Examples show boolean vectors, what about string vectors?
Hi, I was wondering how to use this library for comparing two different Strings that are tokenized into a string vector each. The examples only show boolean vectors which are just "post-transformation". As a newbie and to make great use of the library, it would be great to have the transformation part covered in the examples.
Excellent point. It would help to have examples converting strings and documents to vectors using something like word2vec but more lightweight.

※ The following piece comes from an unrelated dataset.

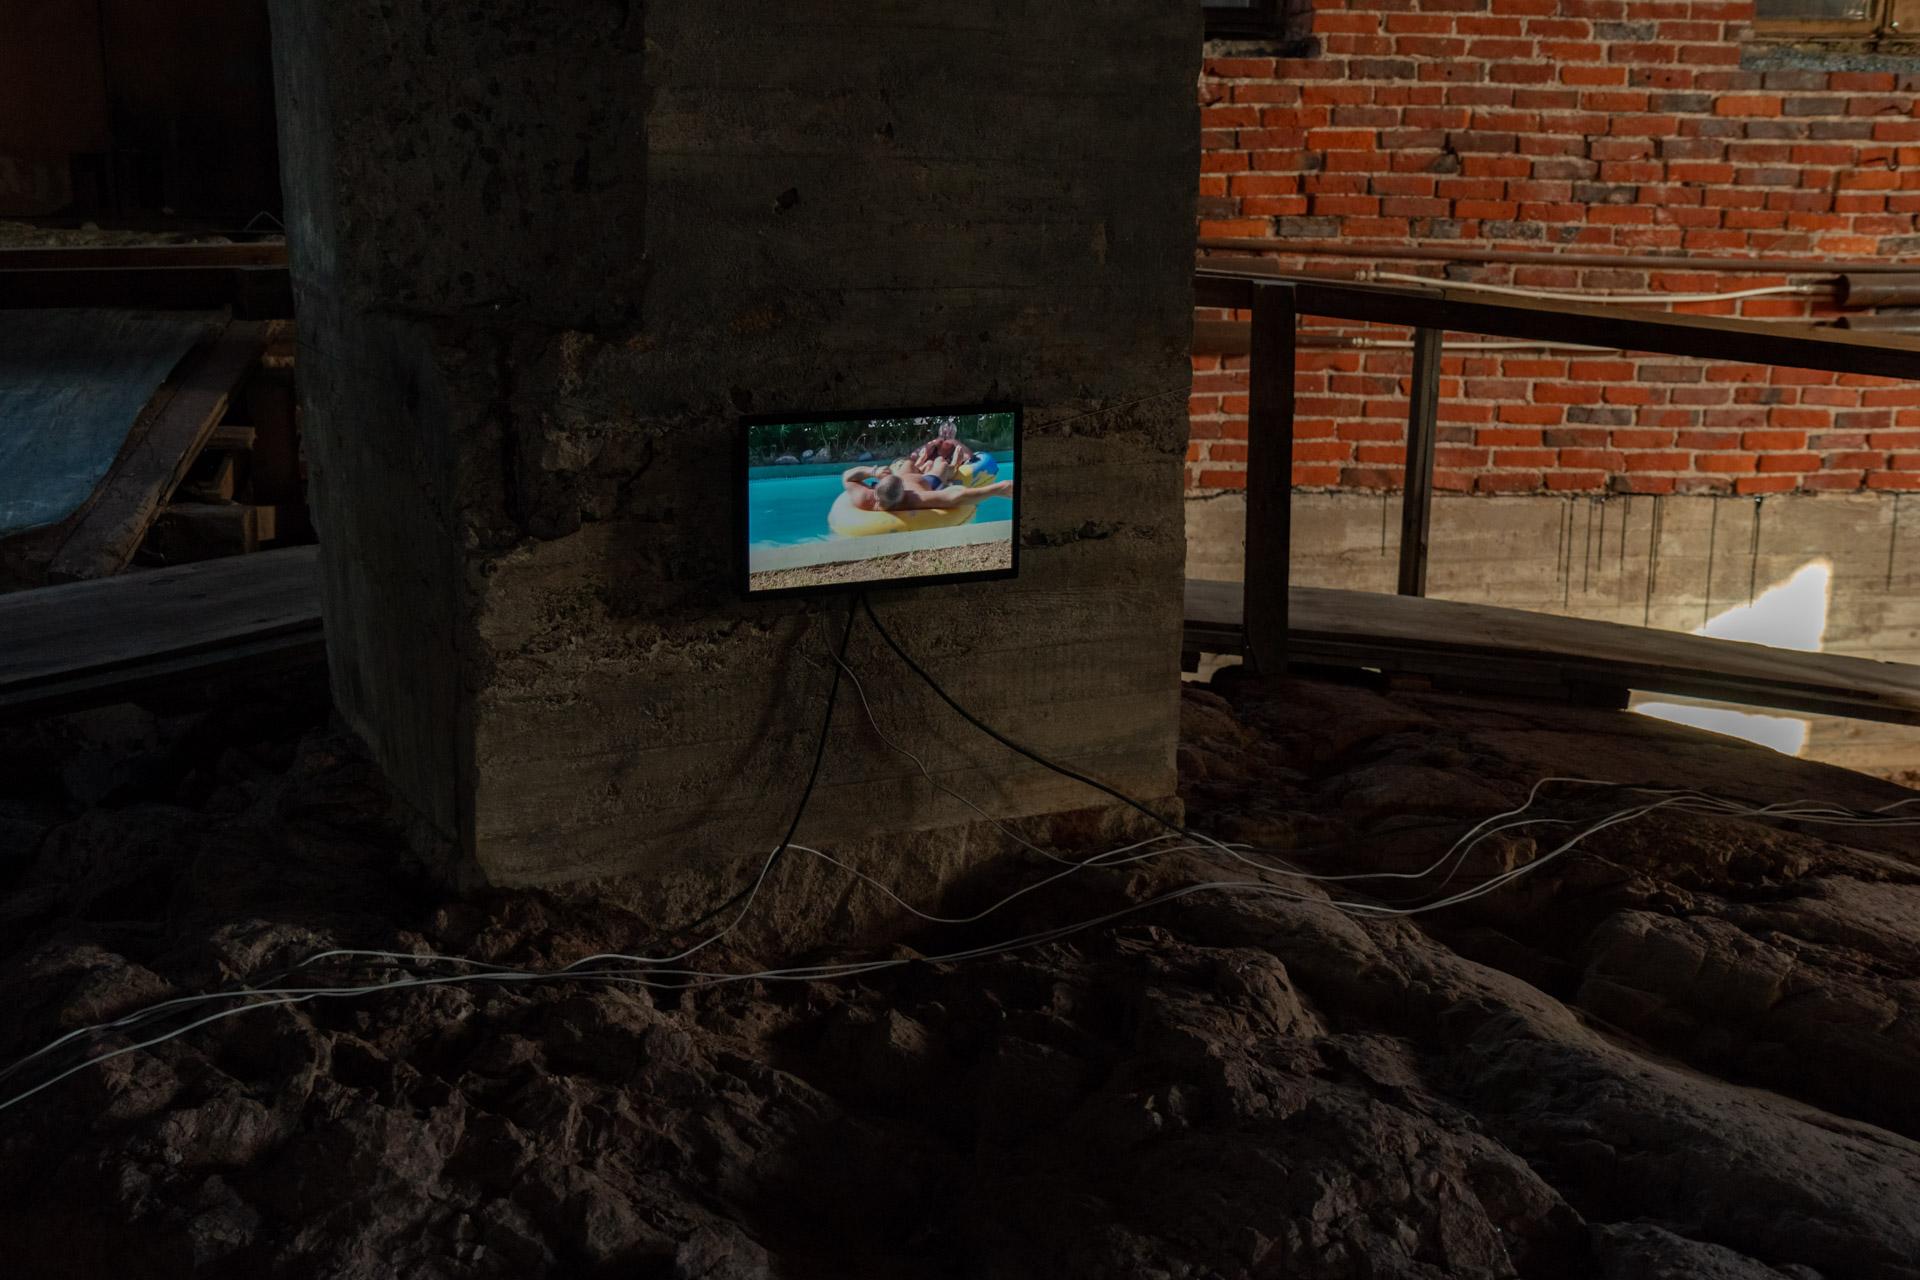 Жизнь как Жизнь. СТИКС, сайт-специфик инсталляция — Елена Губанова, Иван Говорков,2016

Something like this but with a fully coded example:
https://link.medium.com/xF9m59LMr1
I use this approach:
import java.nio.ByteBuffer;
import java.util.Base64;
import java.util.stream.IntStream;
import info.debatty.java.lsh.MinHash;
/**
* Hello world!
*/
public class App {
//https://github.com/tdebatty/java-LSH
public static void main(String[] args) {
int signature_size = 128;
int dictionary_size = 256;
int initial_seed = 1234567890;
MinHash mh = new MinHash(signature_size, dictionary_size, initial_seed);
String pass1 = "Nikita";
String pass2 = "Nikika";
String pass3 = "Nikika1995strong";
String pass4 = "qweertyuiop";
var sig1 = mh.signature(fromString(pass1));
var sig2 = mh.signature(fromString(pass2));
var sig3 = mh.signature(fromString(pass3));
var sig4 = mh.signature(fromString(pass4));
System.out.println("sig1-sig2 : " + mh.similarity(sig1, sig2));
System.out.println("sig1-sig3 : " + mh.similarity(sig1, sig3));
System.out.println("sig1-sig4 : " + mh.similarity(sig1, sig4));
println(sig1);
println(sig2);
println(sig3);
println(sig4);
}
public static boolean[] fromString(String str) {
var bytes = str.getBytes();
var result = new boolean[256];
int index = 0;
for (int i = 0; i < str.length(); i++, index += 8) {
var bits = byteToBoolArr(bytes[i]);
System.arraycopy(bits, 0, result, index, bits.length);
}
return result;
}
public static boolean[] byteToBoolArr(byte b) {
var boolArr = new boolean[8];
for (int i = 0; i < 8; i++) {
boolArr[i] = (b & (byte) (128 / Math.pow(2, i))) != 0;
}
return boolArr;
}
static void println(final int[] array) {
System.out.println(convertToBase64(array));
}
public static String convertToBase64(int[] ints) {
ByteBuffer buf = ByteBuffer.allocate(ints.length);
IntStream.of(ints).forEach(i -> buf.put((byte)i));
return Base64.getEncoder().encodeToString(buf.array());
}
}
This is a very interesting method and I would like to use it in my project. At the moment I am using ngrams to create boolean vectors, perhaps this works better and faster.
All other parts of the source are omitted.